Но дальше этого дело не зашло.
Потом, спустя несколько недель, когда мы уже вернулись на свои обычные спальные места и я забрался на свою верхнюю койку, он внезапно запрыгнул туда вместе со мной.
Автоматически, ничего не поняв, я сказал: «Что ты хочешь?» или «Что ты делаешь?»
Он иронично засмеялся и спрыгнул вниз.
Мне кажется, я всю ночь пролежал без сна, проклиная себя за нечаянное «отклонение» этого очень смелого (для тех дней) подхода. Каким можно быть сложным и каким невежественным!

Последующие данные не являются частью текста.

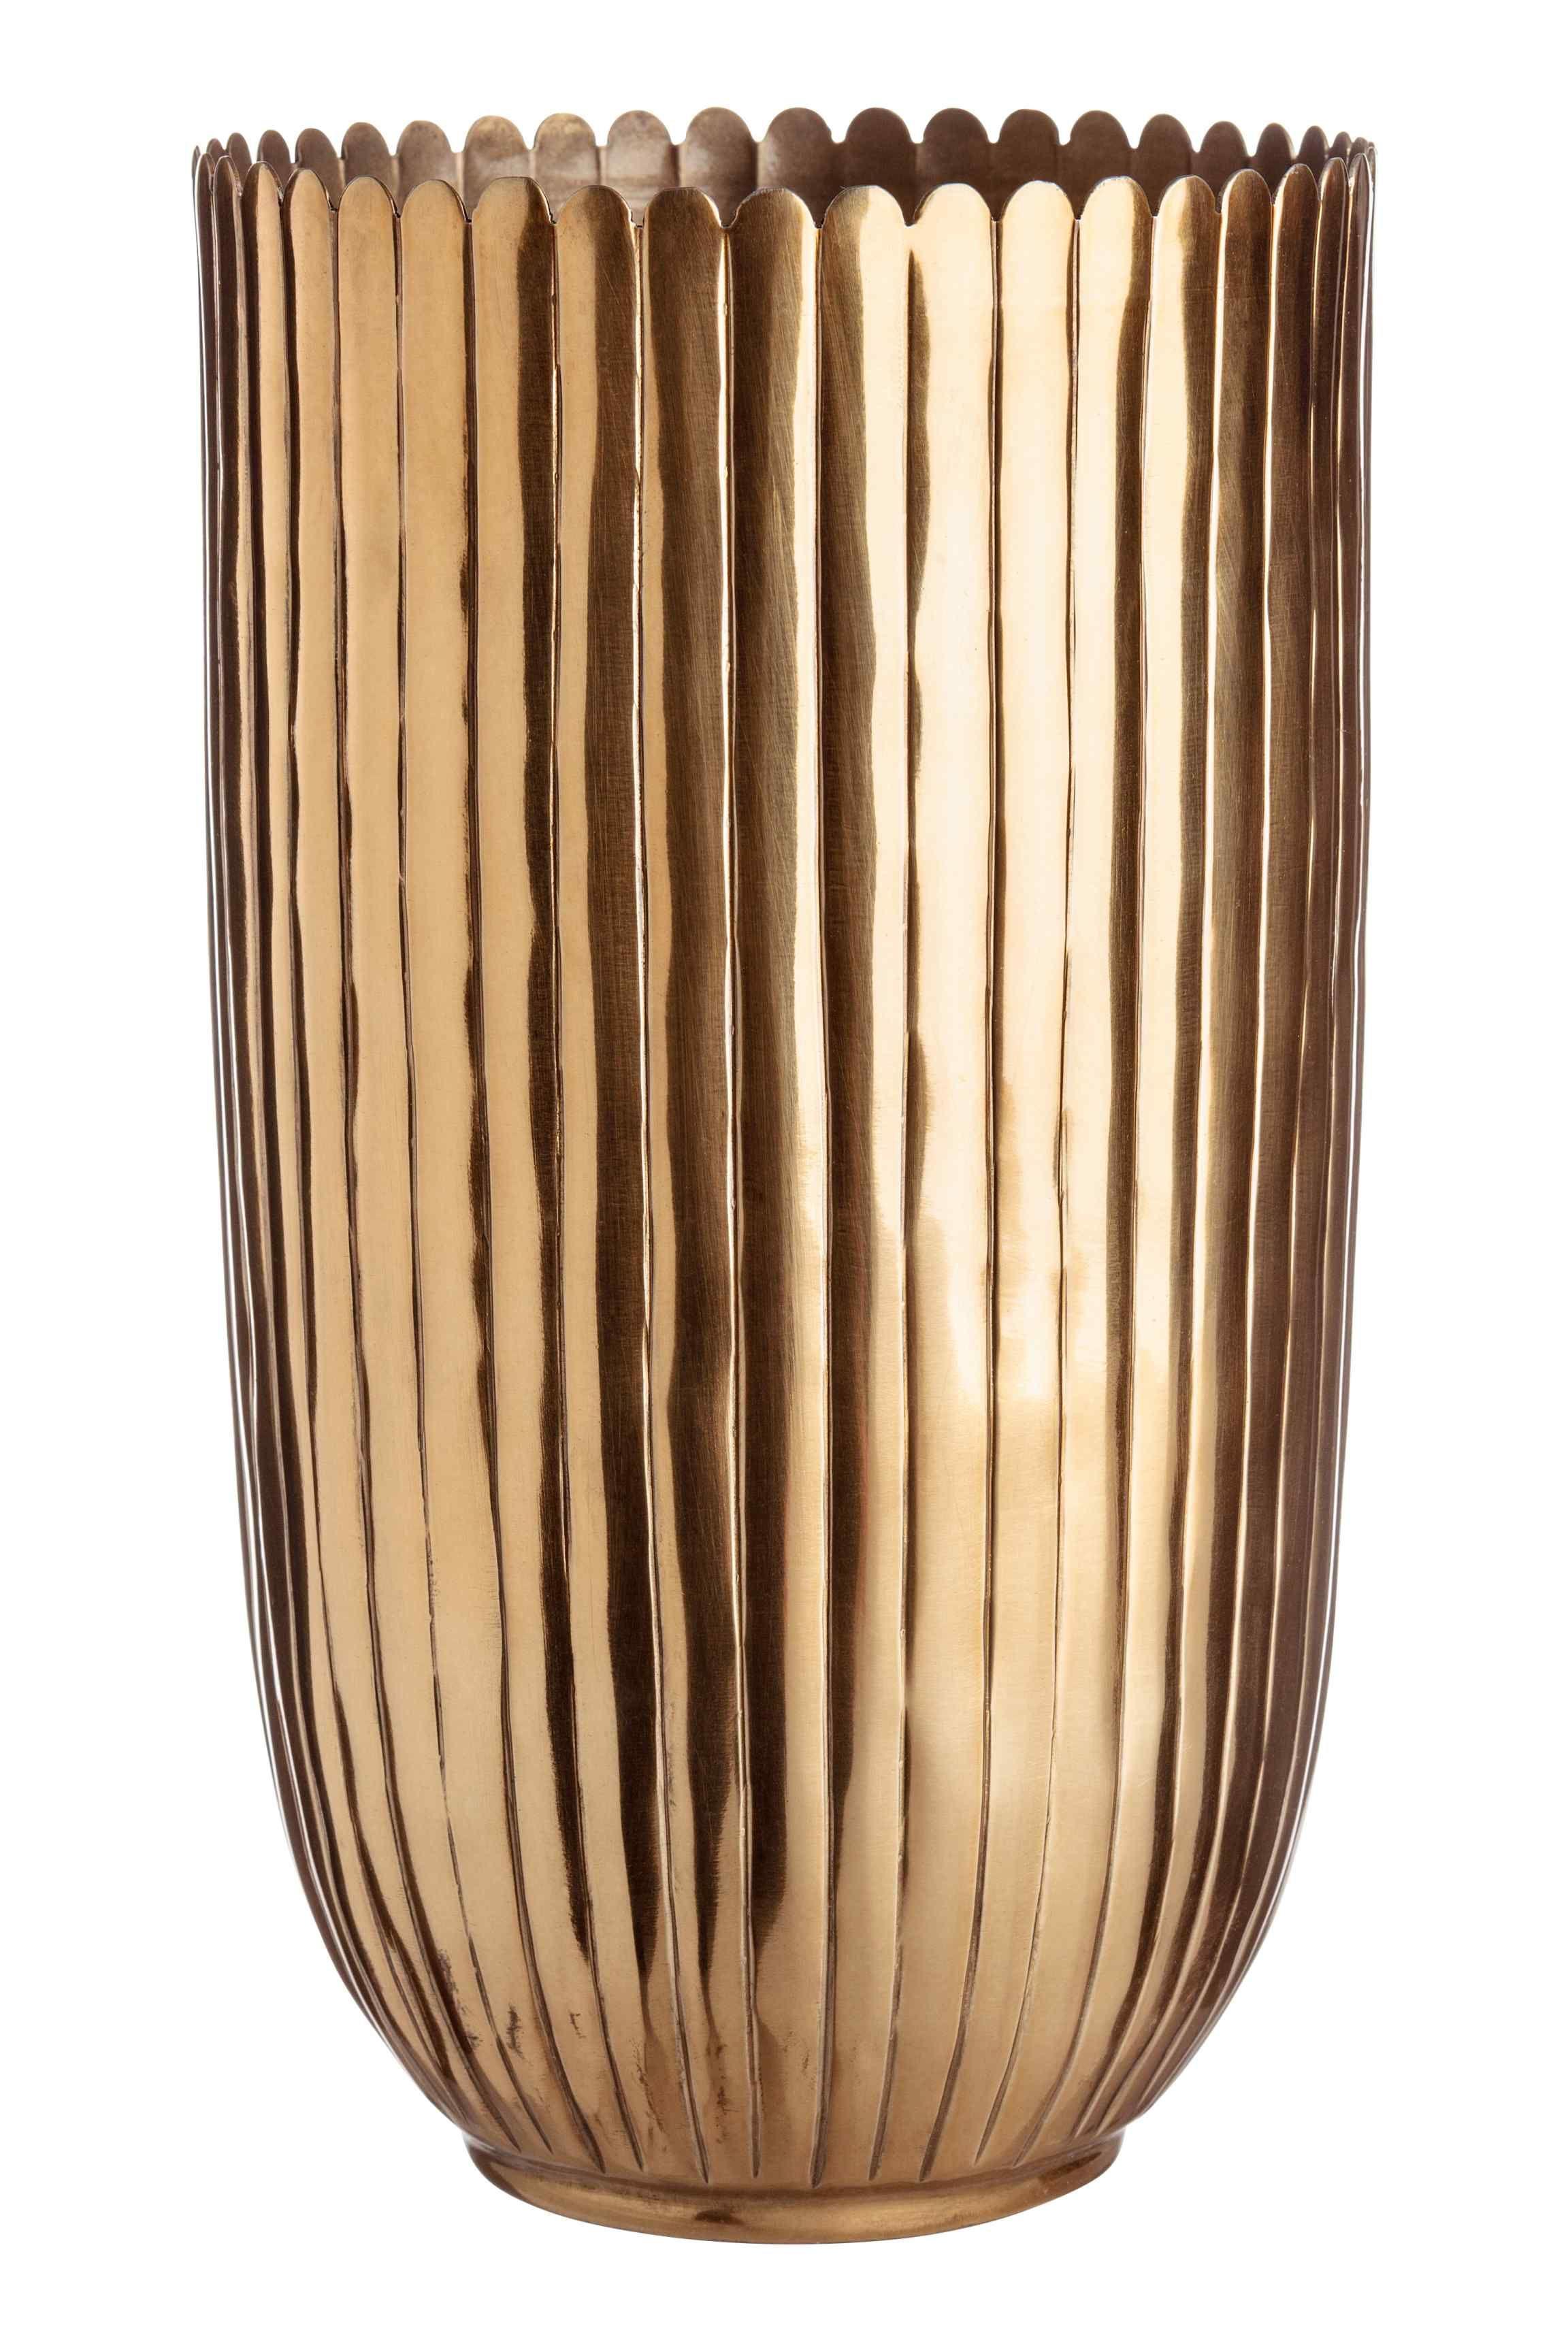 Tall Metal Vase In 2020 Metal Vase H M Home Vase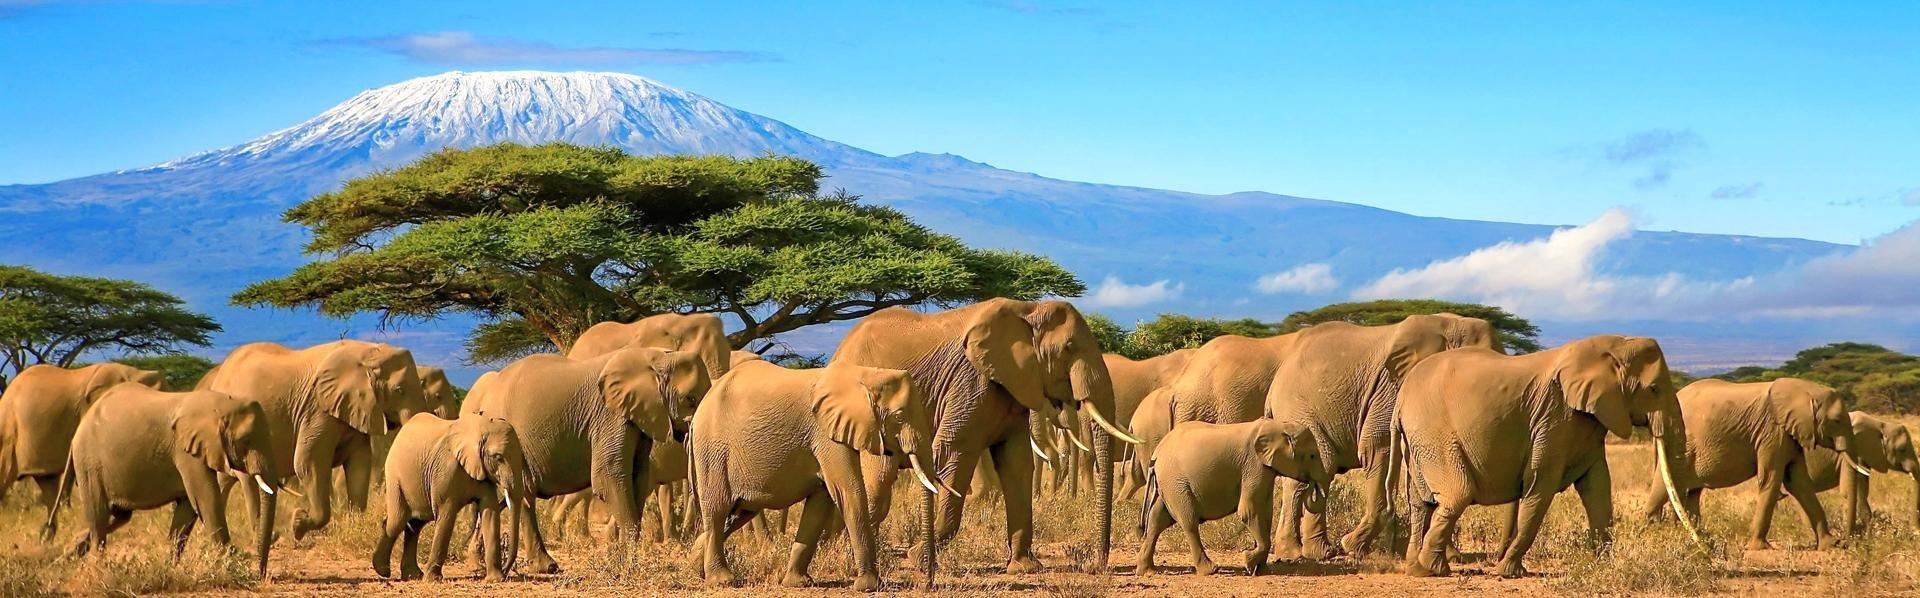 Uitzicht op de Kilimanjaro vanuit Tanzania, met olifanten

Еще один мальчик начал навещать нашу спальню по вечерам, и в один из этих вечеров – мы только разговаривали, «трепались», как говорят теперь – Смитти усмехнулся нашему гостю и сказал: «Знаешь, что я собираюсь сделать сегодня ночью? Я хочу подойти сзади к Томми».
Что делать, я не знал тогда, что это значило, в те дни я даже не слышал еще о существовании языка гомосексуалистов.
На нижней койке мы втроем играли, как играют щенки. Все мы были в трусах. И мы переплетались ногами, но дальше никогда не заходили.
Мы со Смитти ходили вместе на двойные свидания с девочками из Стивенс-колледжа, и нам обоим не нравилось. Девочки нам ничего не давали.
Один из вечеров я помню хорошо, мы тогда были на двойном свидании – не с девочками из Стивенс-колледжа, а с парой очень диких наших соучениц, не принятых в члены ни одного из женских обществ по вполне понятным причинам. У одной из них был родстер [12]12
Двухместный спортивный автомобиль с открытым верхом.
[Закрыть], мы поехали на нем к каменоломням и остановились возле них в лунном свете. Смитти предложил: «Может, вам двоим лучше прогуляться немного по дороге».
Мы пошли по дороге – и ничего не случилось.
Когда мы вернулись к родстеру, девушка, оставшаяся со Смитти, пила самогон, его ширинка была полностью расстегнута, а его раздувшийся член стоял совершенно прямо, и я был этим как-то напуган. Он выглядел оружием, а не частью человеческого тела.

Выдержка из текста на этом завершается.